Next came Cocoa, the somekindofterrier. He was with us for a few years, until a neighbor boy treated him so badly that Cocoa went after him. He never exhibited any aggressive or dangerous behavior until this particular boy did something to him.

Cocoa









Poodle Time

A little more time passed and I was around 10 I think. Dad usually pulled up to the garage but on that evening he drove to the front door and then didn't get out of the car. We went out to see why and he was sitting in the drivers seat, huge grin on his face and a furry black blob under his arm, with large, liquid black eyes. That was our Mimi, a black mini poodle.
I remember that she was sweet and smart and that she only lived 5 years, lost to us after being hit by a car.

Mimi










A sad, scared poodle
After Mimi, we had a very scared black mini poo for just a few days. This poor dog wouldn't come out from under the desk in the kitchen. I don't think she was with us long enough to tell us her name, and I think she went back to her first family. I'm not sure tho. Sad scared poo without a name, I hope you went on to have a wonderful life.


Missy Moose came to us in 1969 or '70, in time for my birthday that year. She was another black mini poo, a surprise for me. Mom called her Miss Onassis and she became Missy. She was also sweet and almost as smart as Mimi. She also had a rather quirky personality. She collected small landscape rocks-brought them in to the house in her mouth then secreted them in and under furniture thru the house. She also would leap up and the ring the Come Home For Dinner Bell by the back door until we got home and stopped her.

Missy lived til almost her 16th birthday.

Missy










Sass came to us in 1983, the year that Mom died. Missy was getting older and I knew it would be just too hard to lose Missy so close to losing Mom so I decided to add a puppy to our family.

Sassafras, Sissie was an apricot mini poo. She was very smart and also very quirky. She would lay on her side and start jerking her front and back legs in sync. The first time we thought she was having a seizure. She wasn't. Later in life she developed a taste for humping pillows. She loved playing catch.

As a puppy she energized and I think gave Missy, who was about 13y, reason to live more actively. Missy was actually able to jump up on the furniture again after a while. At first I think it was just to escape the crazy Sass pup but before long they were great friends, romping and playing.










Sass would climb up the corner of the sofa then rest on the top of the back. She injured a knee in her middle years and gimped a bit - til she saw a squirrel or a ball . David joined us in 1994 when we married and he looked after her so well. They went on walks and played ball.
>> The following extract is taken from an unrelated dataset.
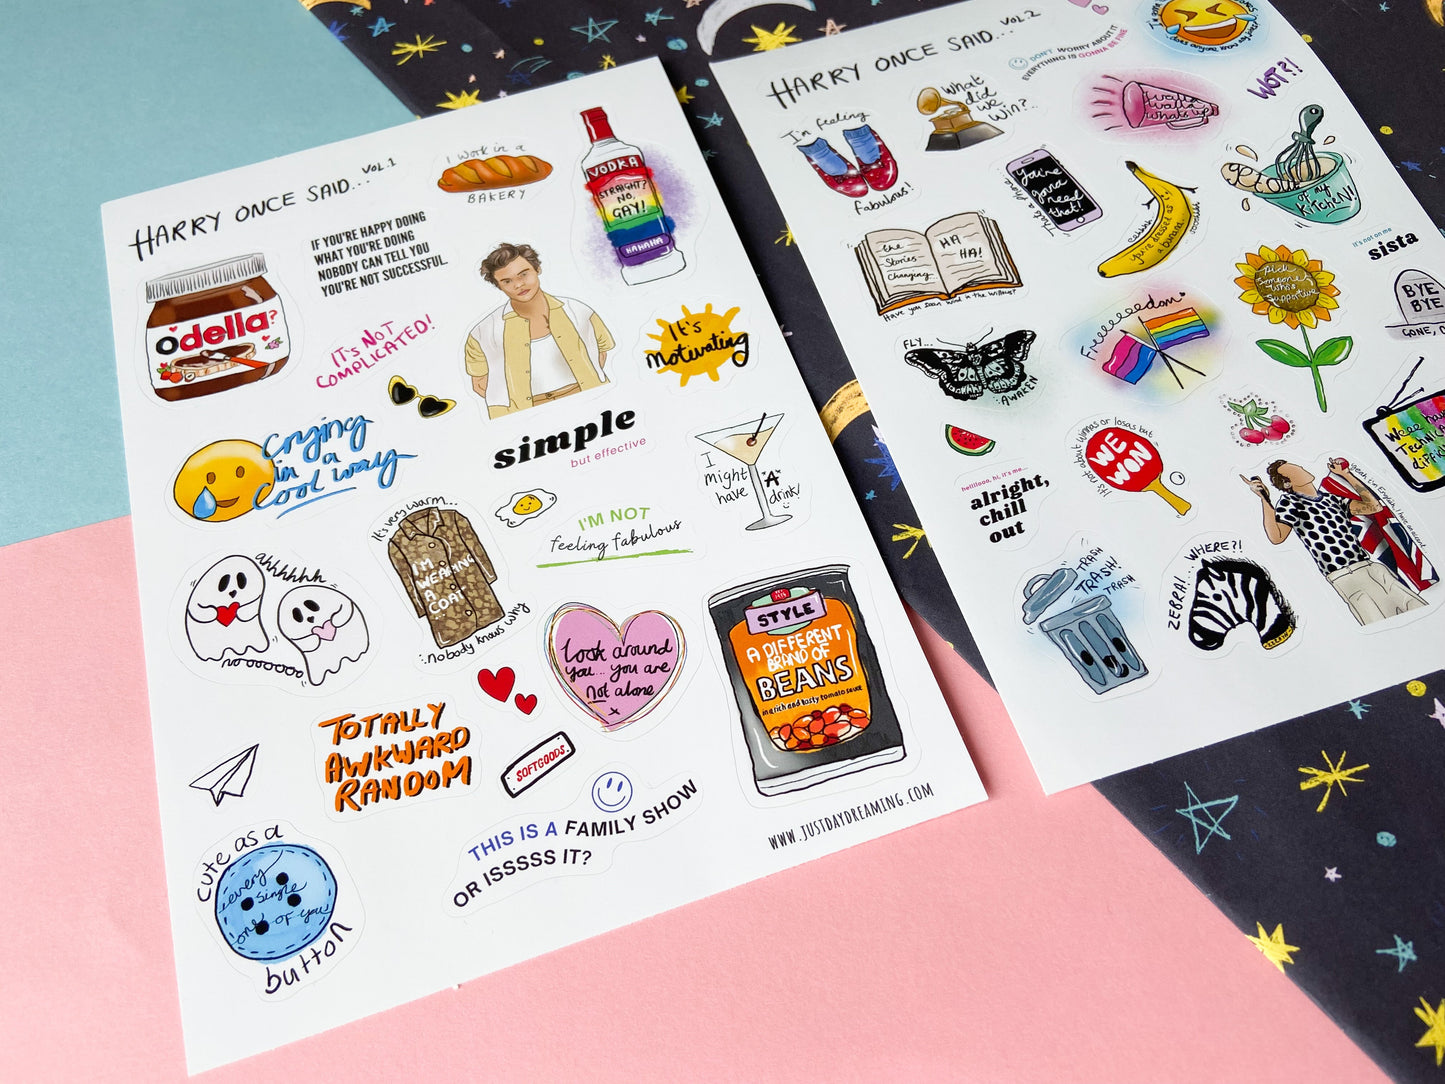 I Guess we're the Harries Sticker Set

Sass was almost 17y when we had to say goodbye.

Sass










David wasn't keen on getting another dog. He enjoyed and looked after Sass very well, but he hadn't grown up having dogs, so the loss wasn't the same for him.

I don't remember when I started looking at poodles online, there hadn't even been an "online" all that long then, but I did eventually. I don't remember exactly when I saw the faces of our girls, but I was smitten immediately. There was a basket with three poodle puppies in it. One was the prettiest poodle face I had ever seen, another was the second prettiest face I'd ever seen and the third was just so cute it was hardly possible it was real.

I showed David their little faces and he seemed agreeable to look into them. We contacted the breeder and arranged a first visit. I think it took me all of one second on seeing them to know that they should come home with us. We were only planning to take one, but seeing the two of them together (only the girls were left, their brother was already in his new home) I knew I could never leave one of them behind and I'm sure I cried with happiness when David said that we should take them both because they seemed to rely on each other.

Noel was the pretty one and Holly was the cute one. They followed Cynthia around like a furry little train, they ran outside shoulder to shoulder. Noel loved everyone and was happy to be with us. Holly tended to exit the room when not coaxed to stay. It was clear that Noel was the friendly, happy one and that Holly was shy. I could also see that Holly had some brat in her and my heart went out to her. Noel was a happy dog and Holly was the one who needed us. They also both liked to walk on the coffee table, which amused me. They continued to do that at home with us also, for many years.

They were born 12 25 2000, only a few months after Sass died, and we took them home with us on October 4th 2002. Those first days must have been hard for them but it wasn't long before Noel chose David as her person and Holly chose me (sort of) and we were a family. Noel became aka Nell and Holly became aka Polly and we became poodaddy and poomommy and realized that we had Laverne and Shirley for poodles 

They were with us til near their 16th birthday.

Our Girls, Noel and Holly











The house was just too empty after the girls. We started the quest and found ourselves with these two little boys. Parts of their lives are scattered thru PF so I'll just add a photo. They were born April 29, 2017.

This is what I usually get when I bring out the camera 

Our Boys, Remo and Neo


----------



## Starla (Nov 5, 2020)

I love it! Thank you for sharing!


----------